Triplet Network Methods: There are three sub-networks with parameter sharing in these networks. Like above networks, these networks also take AlexNet-PubFig as the base network. Moreover, we design a new triplet loss by adding an extra pairwise loss to maximize the use of the provided triplet. Given a triplet $\langle \varvec{x}_i, \varvec{x}_j, \varvec{x}_k\rangle $, the new triplet loss can be formalized as $\mathcal {L}_{triplet}\!=\!\mu ||\varvec{x}_i\!-\!\varvec{x}_j||_2^2\!+\!(1\!-\!\mu )(1\!+\!||\varvec{x}_i\!-\!\varvec{x}_j||_2^2\!-\!||\varvec{x}_i\!-\!\varvec{x}_k||_2^2)_+$, where $\varvec{x}_i$ and $\varvec{x}_j$ belong to the same class, while $\varvec{x}_i$ and $\varvec{x}_k$ belong to different classes. $\mu $ is the hyper-parameter and $(z)_+\!=\!\max (0,z)$ indicates the hinge loss.
Our LGDML: This is the proposed method, containing five single siamese networks. According to the different losses chosen, the proposed method can be named as LGDML-Binomial or LGDML-Logistic.

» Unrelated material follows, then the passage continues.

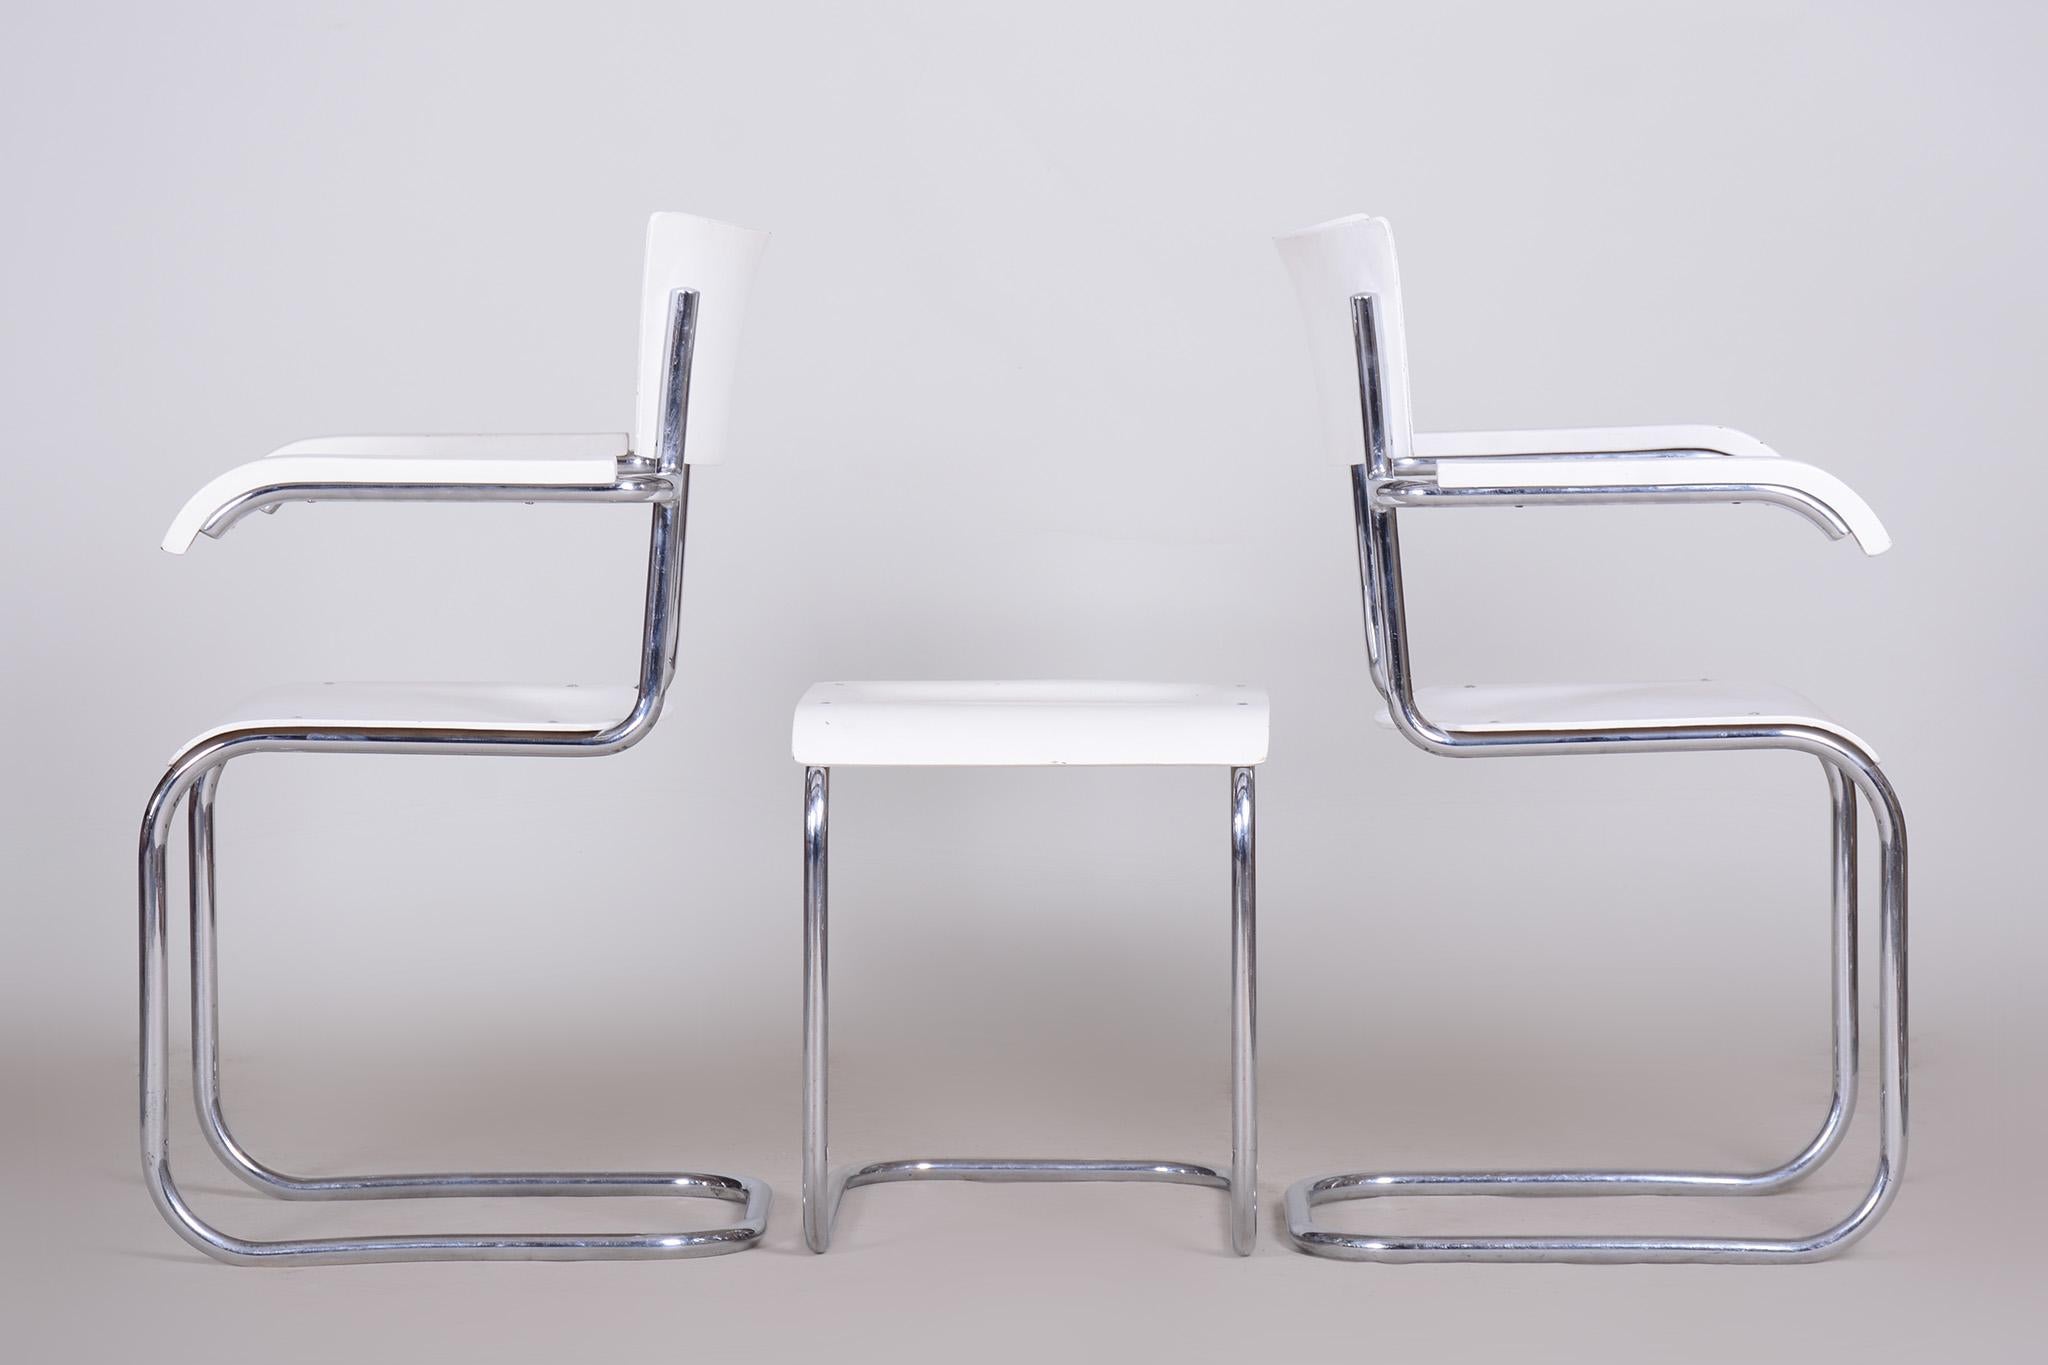 Pair of Original White Mucke Melder Chairs and Stool Made in 1930s Czechia For Sale 6

It is worth noting that although we do not explicitly compare the proposed LGDML with other existing cross-modal methods, the competitive network structures implicitly represent some existing methods. For example, in [30], a two-tower network combined with the contrastive loss was employed to solve the near-infrared heterogeneous face recognition problem. In addition, [31] adopted a triplet loss to train a face recognition network, which is equivalent to the triplet network in our experiments. All these deep methods aim to learn a good feature representation. Hence, for the first four deep methods, a 4096-dimensional feature is extracted from the first FC layer (i.e., Fc6 layer), which is proved to be more expressive than Fc7 and Fc8 in feature representation. LGDML extracts a 20480-dimensional feature by integrating all the features of the four local parts and the whole image. A popular dimensionality reduction method t-SNE [25] is also employed to make all features into a same dimensionality (i.e., 300). Table 1 reports the results of all the methods. LGDML achieves the best rank-1 and rank-10 performance with 29.42% and 67.65%. When performing dimensionality reduction, the results are 36.27% and 65.95%. From the results, we can observe that:

Influence of loss function: Binomial deviance loss (denoted as Binomial) performs similar with generalized logistic loss (denoted as Logistic). While the triplet loss (denoted as Triplet) does not achieve promising results, the reason may be that three separate sub-networks are employed in the triplet network, which cannot learn good modality invariant features.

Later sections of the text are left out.